Friday, September 04, 2009

Microsoft MAR Program

The Microsoft Authorized Refurbisher (MAR) program takes getting used to. There are many rules and regulations governing the installation of their operating systems, (Windows XP Pro and 2000 Pro) as well as MS Office 2003. A refurbisher may install MS software if the computer is being donated to an “Eligible Recipient” for a cost of $5.00 per Certificate of Authenticity (COA).

Any bona fide Non Governmental Organization (NGO) with a mission benefiting humanity is eligible to receive refurbished computers with Windows installed; however, schools may not receive computers with MS Office 2003 installed as they are supposed to take advantage of Microsoft’s special pricing for educational institutions.

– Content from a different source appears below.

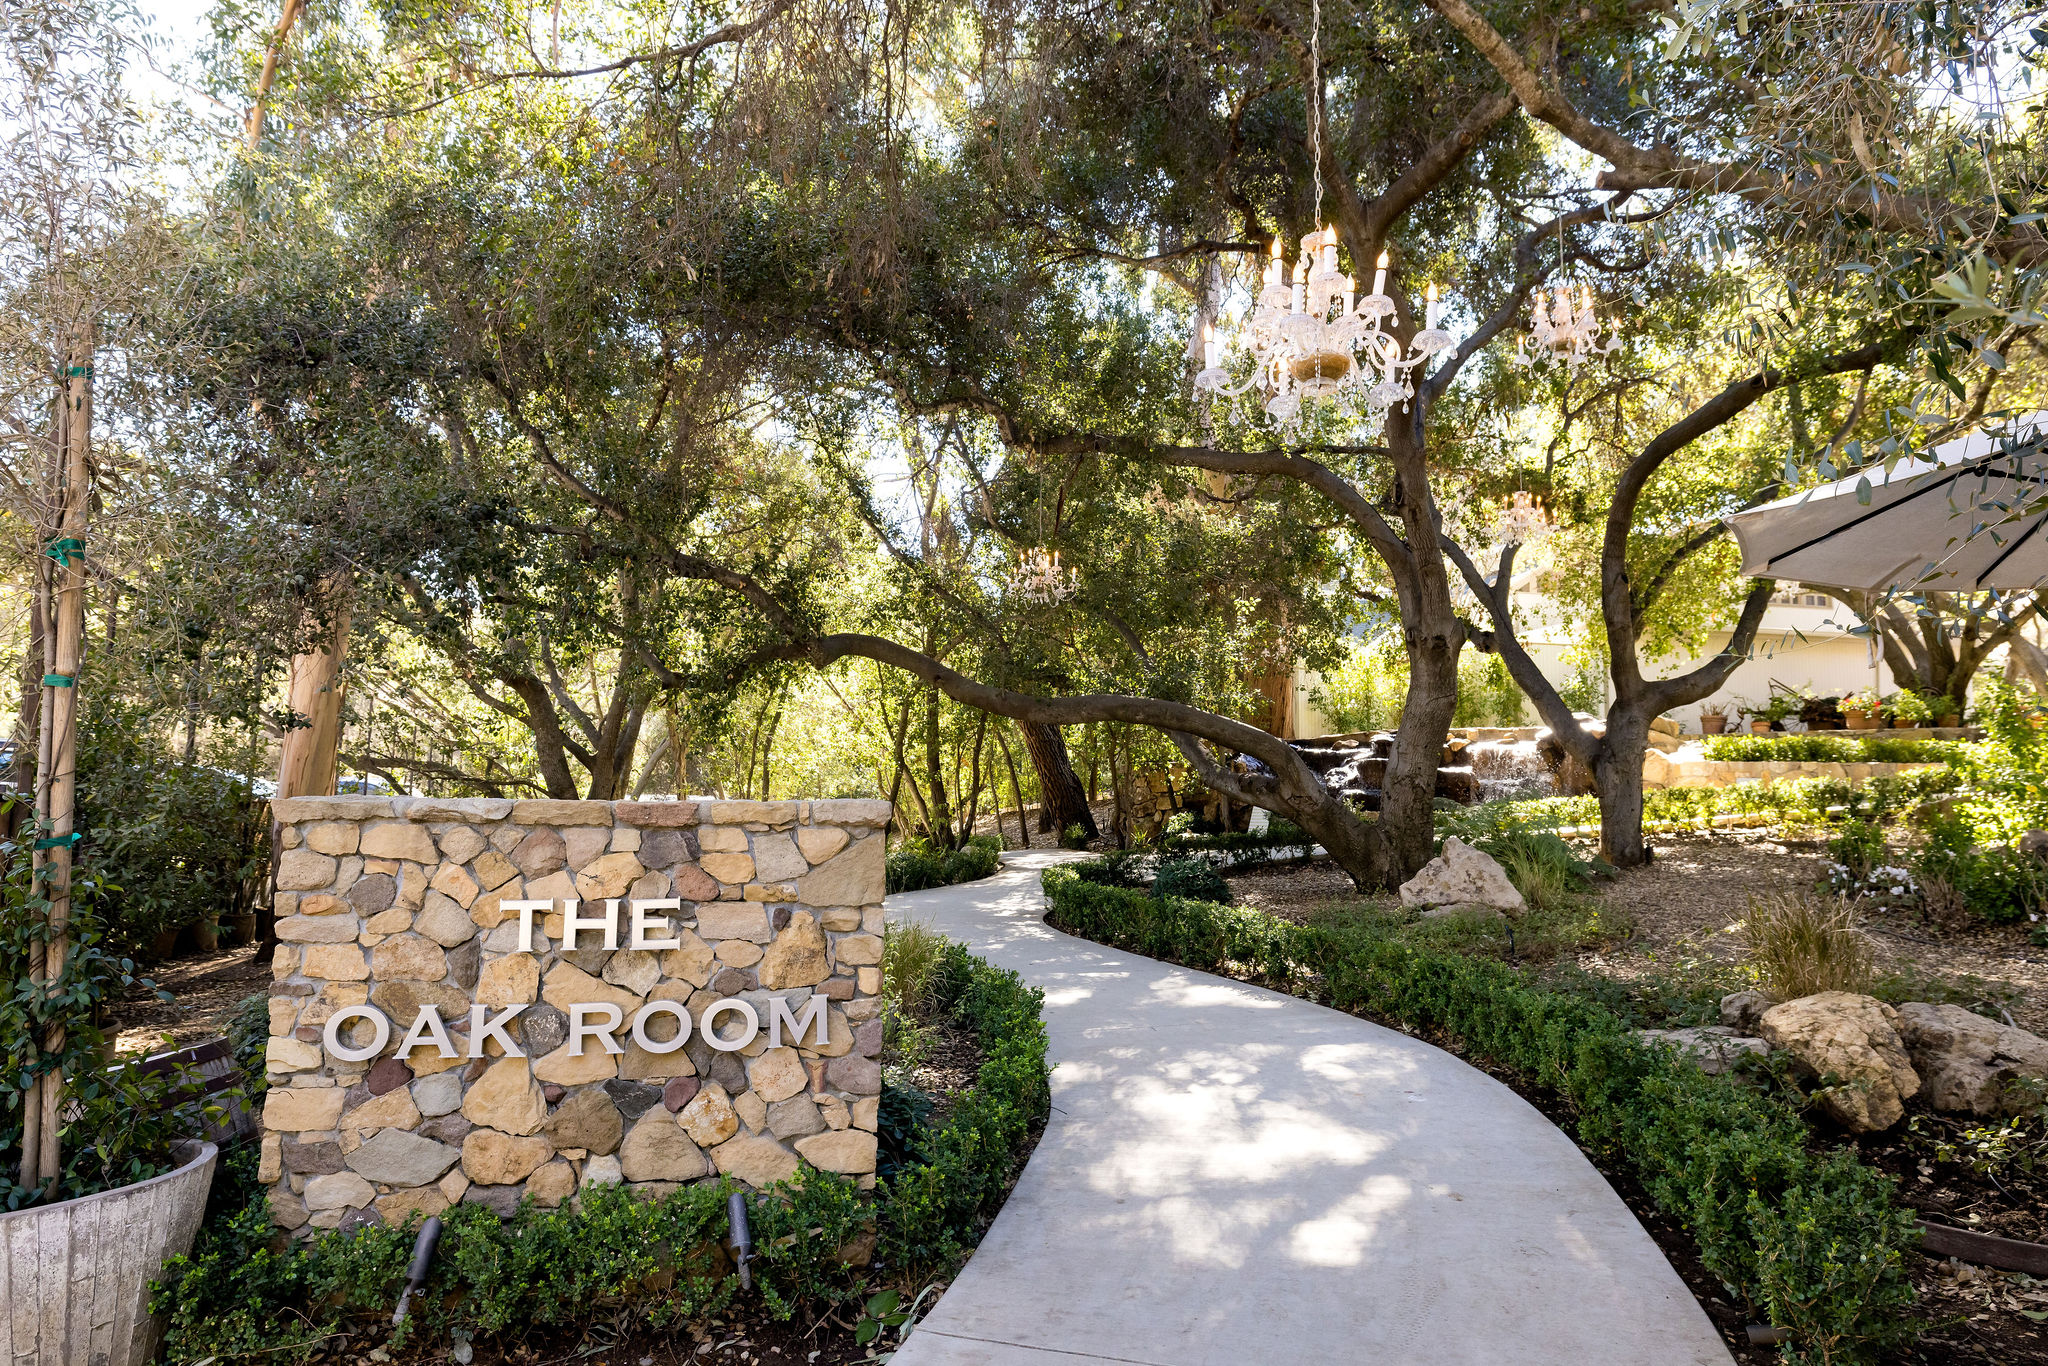 entrance sign of The Oak Room at Calamigos Ranch in Malibu

E-quip Africa received an email saying we were in error in donating computers with MS Office installed to Archbishop Nzimbi Secondary School in Kenya and that we needed to respond with a plan in 14 days. After searching their guidelines at length, the fine print which prohibits the donation of Office to schools was at last found. A response was sent saying we would not make this mistake again. After thinking it through a second email was sent which appears in quoted italics below:

Dear MAR Team,

I’ve been thinking about our “situation” of not being able to install MS Office on computers going to K-12 schools in Africa.

I am sure you are aware of huge needs of education in Africa. I have hundreds of photos I could show you of schools in Ghana, which is a fairly well-off country with government support of education at a higher level than many African nations; if you saw these you would realize the huge gap in educational opportunities between us and them!

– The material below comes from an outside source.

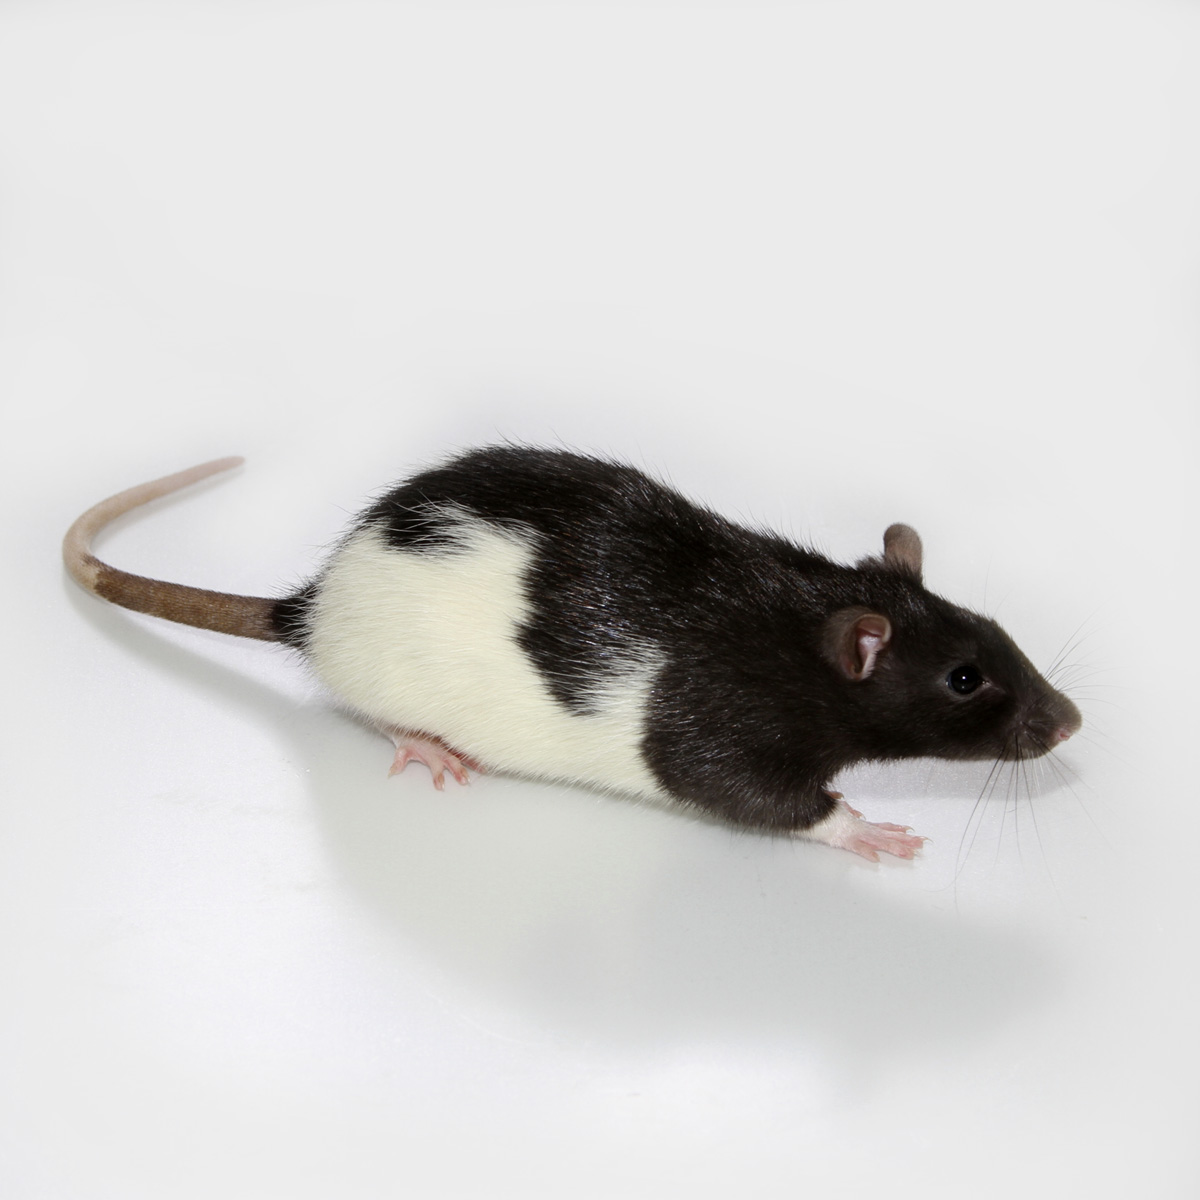 Long Evans Rat

My question is this: Does Microsoft really think an African public or church school will have any room in their budgets for purchase of multi-license office software? Do you think they even have budgets? If one of your goals is to reduce piracy of MS products, then I suggest you need to reexamine your policy toward educational institutions in third world countries and their procurement of MS Office! I can tell you, you will not sell MS Office licenses in the schools I visit. However, they will be using it. If it doesn’t come “legally” from E-quip Africa, they can and will easily find pirated copies to install. It’s the way the third world works.

That’s the reality of the situation. What advice would you like E-quip Africa to give to the schools we supply with refurbished computers? What can I tell them when they ask about some type of office software? Is there a loop-hole in your policy that I am missing? Or is Microsoft the big ugly giant most of the world believes it to be? (Hey… I don’t think that because I’ve always been treated fairly, honestly and generously by Microsoft, but I don’t need to keep my ear to the ground to hear the complaints.)

Yours truly,
Doug Wilkowske
President E-quip Africa

As Sid Hartman says, “We’ll see what happens.”